[Opening SOURCE DATA section]

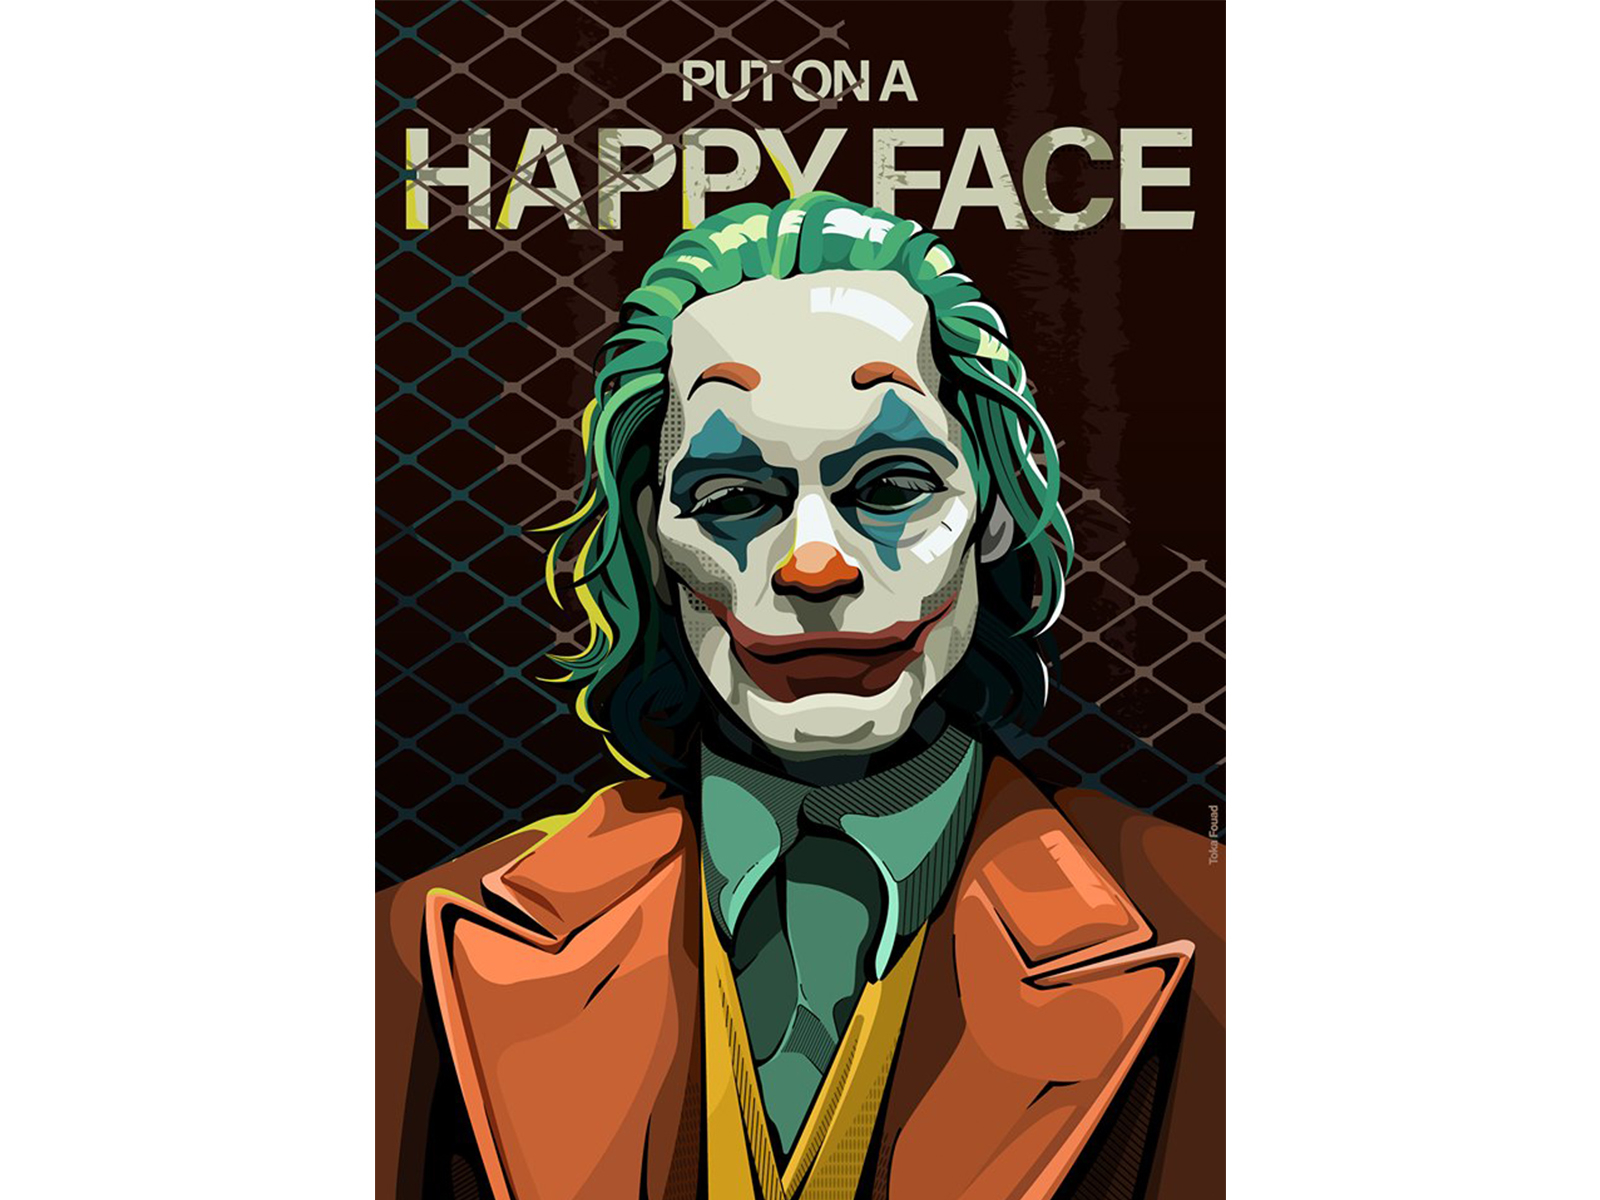 Joker By Toka A Fouad On Dribbble
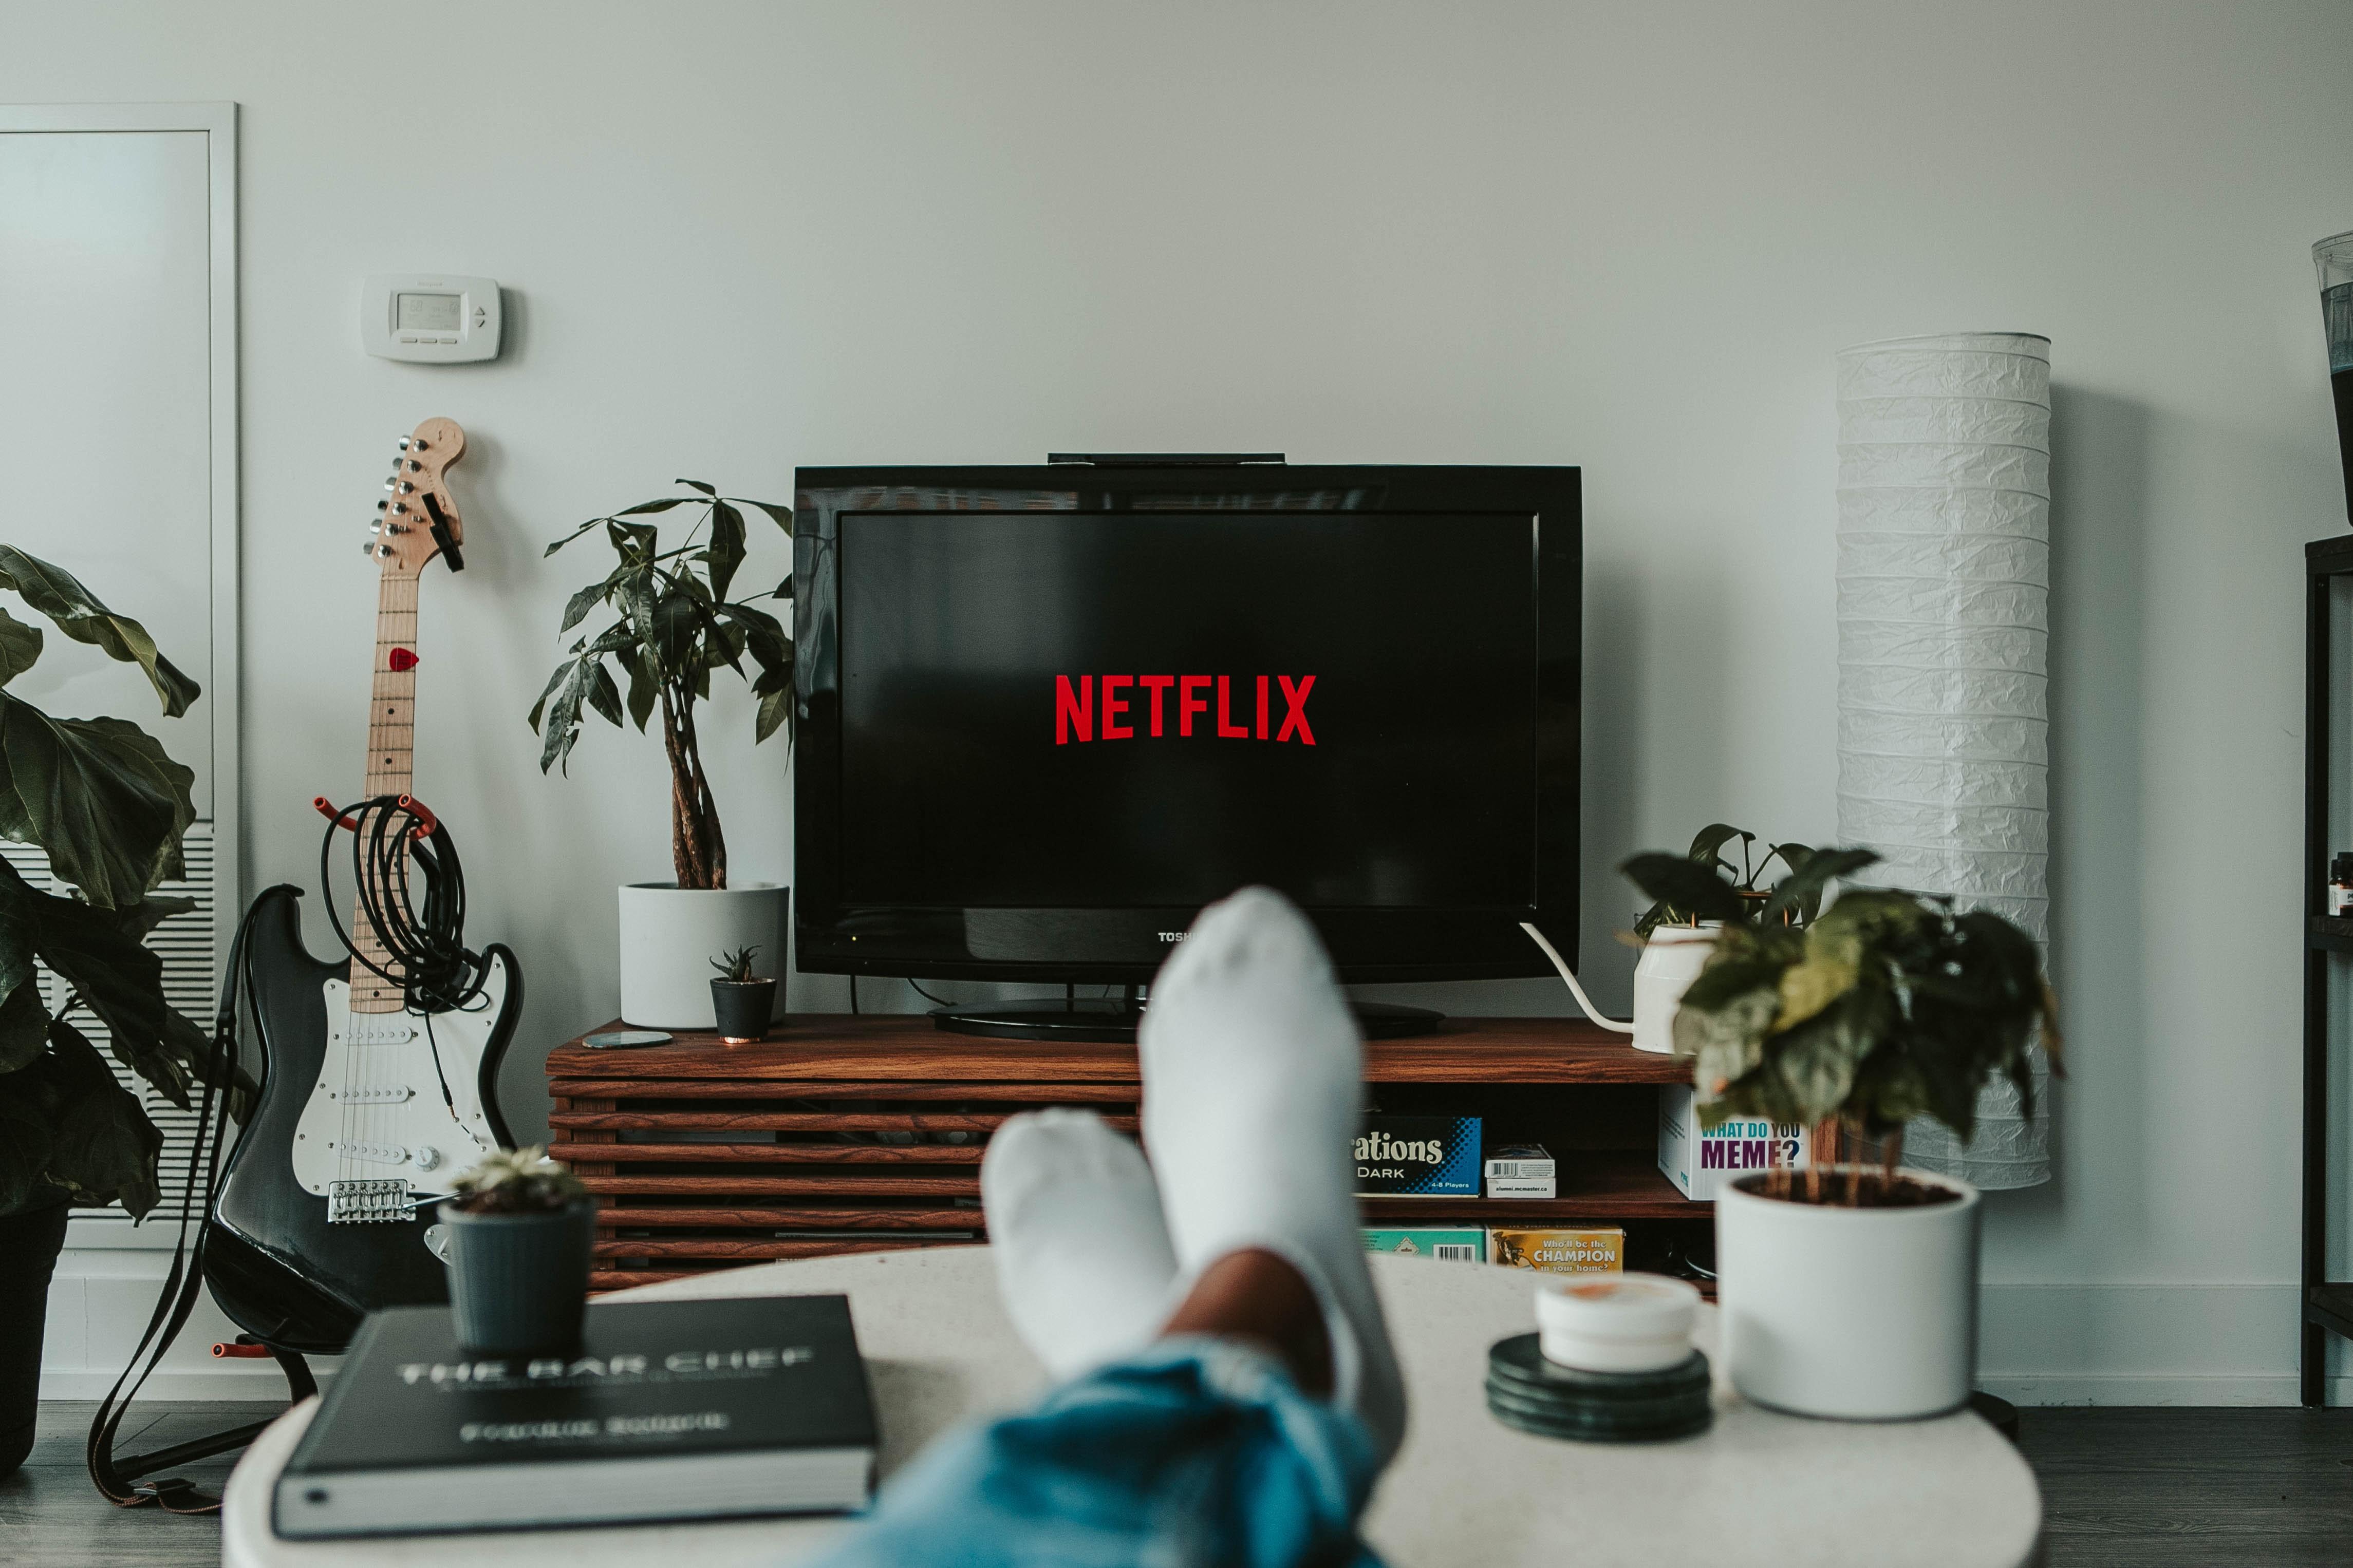 black flat screen turned on to Netflix logo
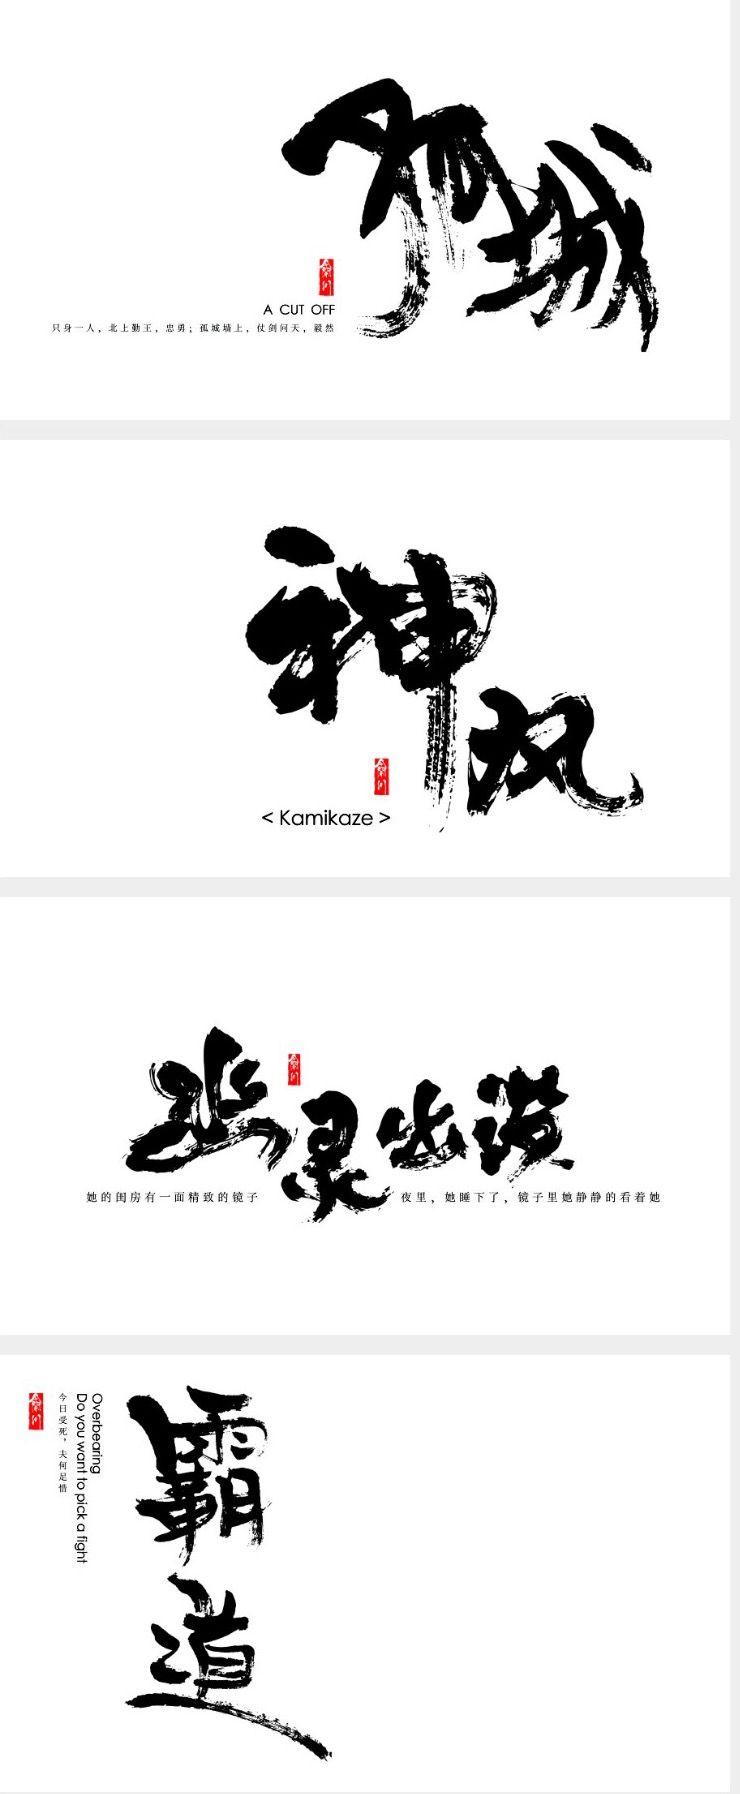 Pin by 痞格 吳 on [中文/漢字/Chinese] | Logos design,免費站標設計,支援中文顯示,文字,顏色, Logos

[Closing SOURCE DATA section]

▶ TASK OBJECTIVE:
Drop the pictures, then reproduce exactly the lines from the one with "black flat screen turned on to Netflix logo" through the final line of the listing.

▶ FINISHED EXERCISE:
 black flat screen turned on to Netflix logo
 Pin by 痞格 吳 on [中文/漢字/Chinese] | Logos design,免費站標設計,支援中文顯示,文字,顏色, Logos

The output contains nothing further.